Ülfet Vakfı Kurucu Başkanı Şeyh Abdullah Taylan Hocaefendi, Diyanet
İşleri Başkanı Ali Erbaş’ın Cuma Namazı Hutbesinde Allah’ın hükümlerini dile
getirmesinden dolayı rahatsız olan İstanbul ve Ankara Barosunu kınadı.
Ülfet Vakfı Kurucu Başkanı Şeyh Abdullah Taylan Hocaefendi basın
açıklaması yayınlayarak şu ifadeleri dile getirdi: “ Üzülerek ifade ederim ki işitmekten ve ağzımıza almaktan dahi haya
ettiğimiz bazı kavramların sözüm ona insan onuru ve haysiyetini savunması
gerekenlerce baş tacı edildiği ; fıtratın, insanlık onuru ve haysiyetinin ise
ayaklar altına alındığı bir acayip vakte utanarak şehadet ediyoruz.
Esasında İnsanlık tarihi şahitlikten ibarettir. Bizde cenabı Mevla’nın buyruğu
ile adil şahit olmak esasıyla ‘’ HAKKI HAYKIRAN ’’ DİYANET İŞLERİ BAŞKANIMIZIN
YANINDAYIZ . Sayın başkan İSLAMIN bir gereği olan - insan fıtratının ve neslin muhafaza
edilmesi - düsturunu tamamen KURANİ bir ifade ile dile getirmiştir. Bu düsturun
aksini iddia etmek insanlık onuruna, izzet ve şerefine açıkca savaştan başka
bir şey değildir.
Hedef İslam’dır ve Müslümanlardır. Amaç Müslümanların milli ve manevi değerlerini tamamen ayaklar altına almak ve Müslümanları tahrik etmektir.

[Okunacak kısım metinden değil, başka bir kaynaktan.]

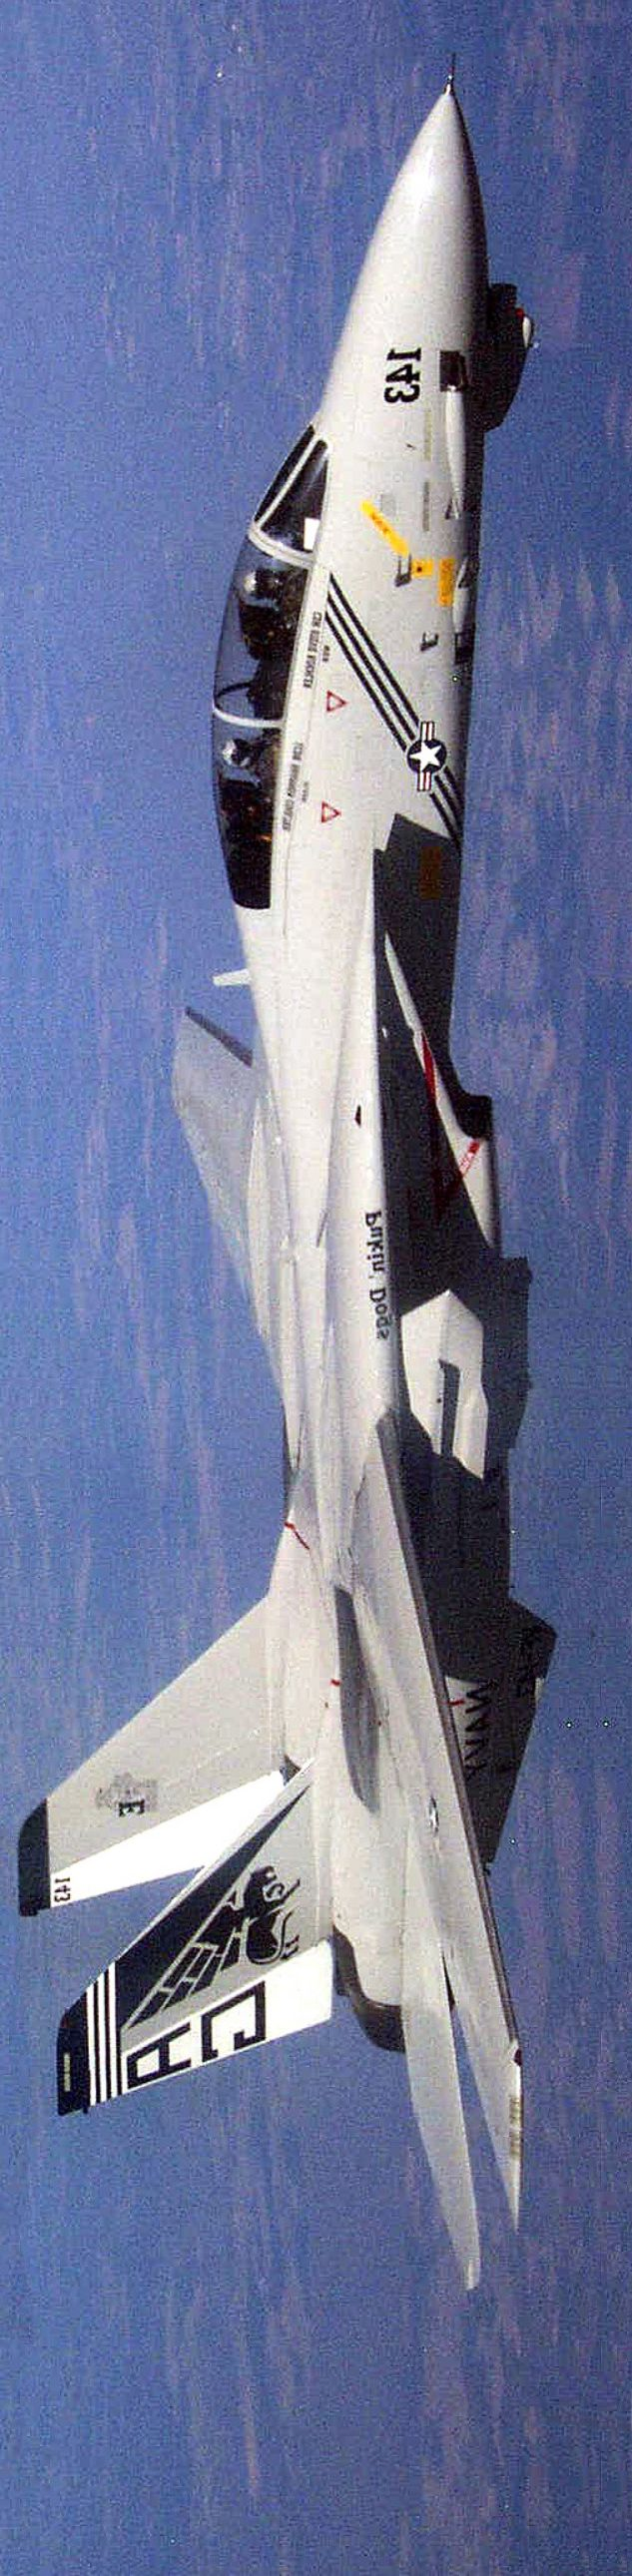 Amazing flying machine F-14 Tomcat

Bu topraklar yüzyıllardır İslam beldesidir. Bu
milletin mayası imandır. Bu milletin imanı dün olduğu gibi bugünde ezanına,
bayrağına, namusuna, şeref ve hürriyetine el ile dil uzattırmaz. Anadolu insanı ferasetiyle bu beyhude
girişimleri boşa çıkaracak, ülkemizin huzur ve istikrarını kimsenin bozmasına
yüksek irfanıyla müsaade etmeyecektir.
İstanbul
; hilafetin merkezi, kutsal emanetlerin vatanıdır. Mazlum AYASOFYA’nın hüznünü
taşıyan sinelerimiz bu gün maalesef tahammülüne dayanamadığımız yeni gamlara
düçardır. Aile geleneğimizi, milli ve manevi hassasiyetlerimizi yerle yeksan
eden kirli bir sözleşmenin; ecdadımın
İSLAMBOL’u , HZ. Peygamberin müjdesi, Eba Eyyüb El Ensari’nin, nice sahabe-i
güzinin, meşayıhı izamın türbegahı KUTLU ŞEHİR İSTANBUL’a ( İstanbul
sözleşmesi) atfedilmesi yüreklerimizi derinden yaralamaktadır.

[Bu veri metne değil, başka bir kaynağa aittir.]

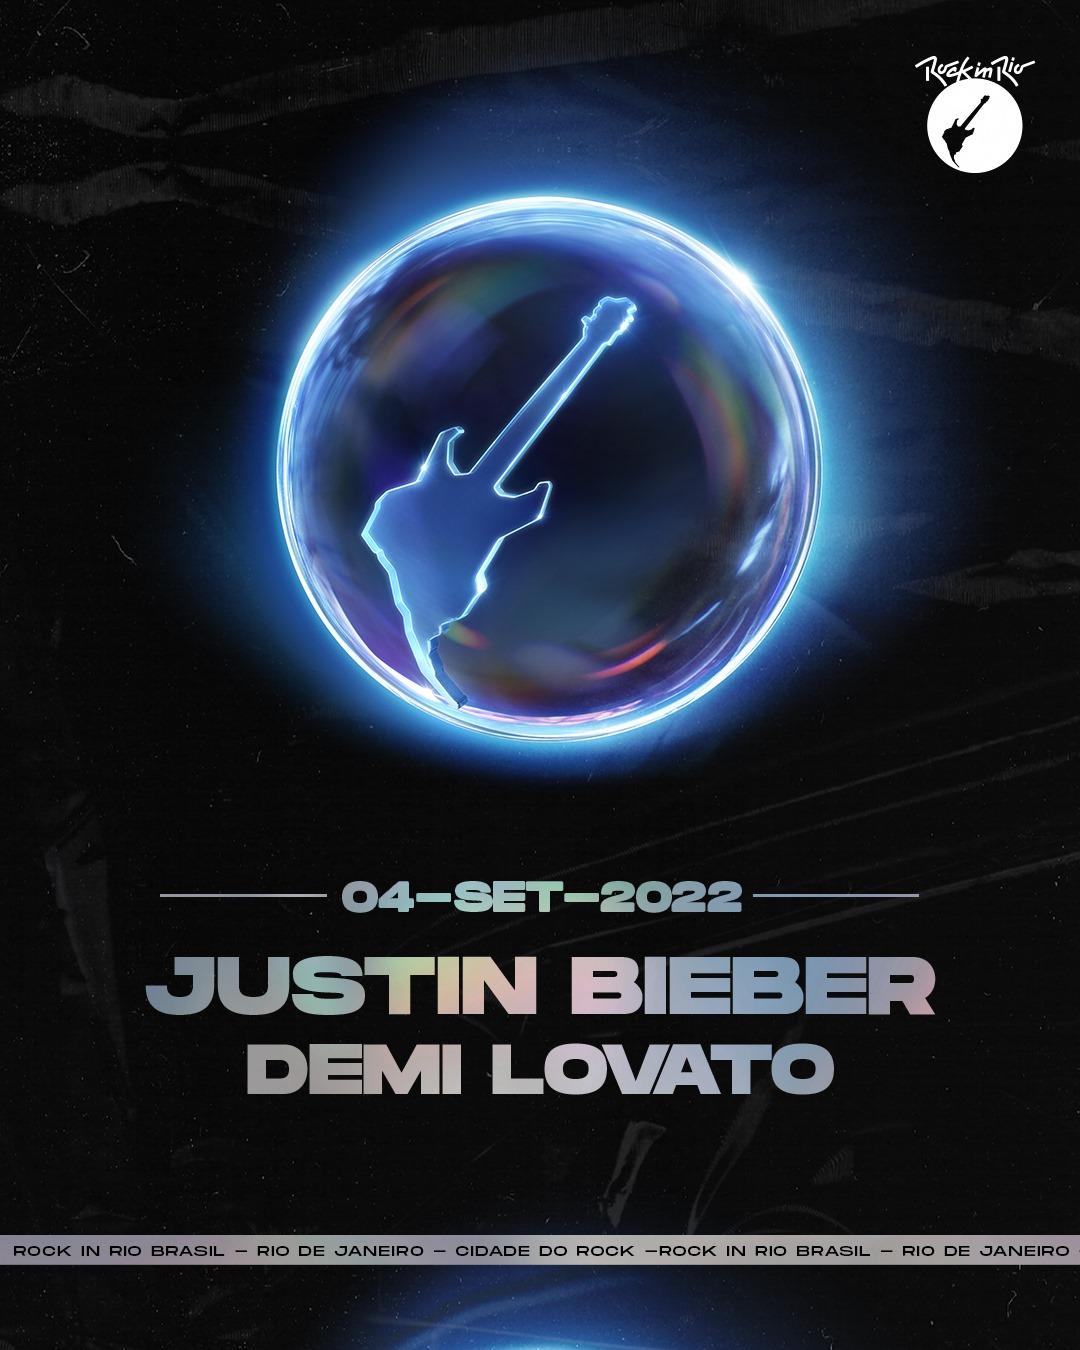 Justin Bieber & Demi Lovato Announced For Rock in Rio Brasil 2022 ...

Ahlak, millet, din ve vatan düşmanı
bu güruhun bertaraf edilmesi ancak dayandıkları hukuki zeminin milli ve manevi
değerlerimize uygun hale getirilmesiyle sağlanır. Zira bu sözleşmenin
getirileri kutsal kitabımız Kuranın haber verdiği Lut kavmi gibi Allah muhafaza helak
sebeplerindendir. Yaşadığımız şu salgın günleri akıl ve ibret almak için kafi
olmalıdır.
Bu krizin yarın aşılamaz sorunlara sebebiyet
vermemesi adına ; her vakit bu milletin kutsalını koruyup kollayan ve
milletiyle yürüyen sayın cumhurbaşkanımızdan ricamız adı geçen kirli sözleşmeyi
gündemimizden ve hayatımızdan çıkarmasıdır.
Bu adımla inşallah ülkemizin de izzet ve
iffeti korunmuş olacaktır. Bu konuda sayın cumhurbaşkanımızın duyarlılığına
güveniyoruz. Allah Hayırlı İşlerde
Kendilerini Muvaffak Eylesin ve Ayaklarını Kaydırmasın.
Bu gün
millet ve insanlık olarak düçar olduğumuz salgın hastalıktan
da en kısa vakitte bizleri kurtarıp sıhhat ve afiyete kavuştursun. Ülkemizi
görünür görünmez belalardan koruyup iç ve dış mihrakların kirli hesaplarından
muhafaza eylesin. Amin!
Birlik, beraberlik ve kardeşliğimiz daim olsun.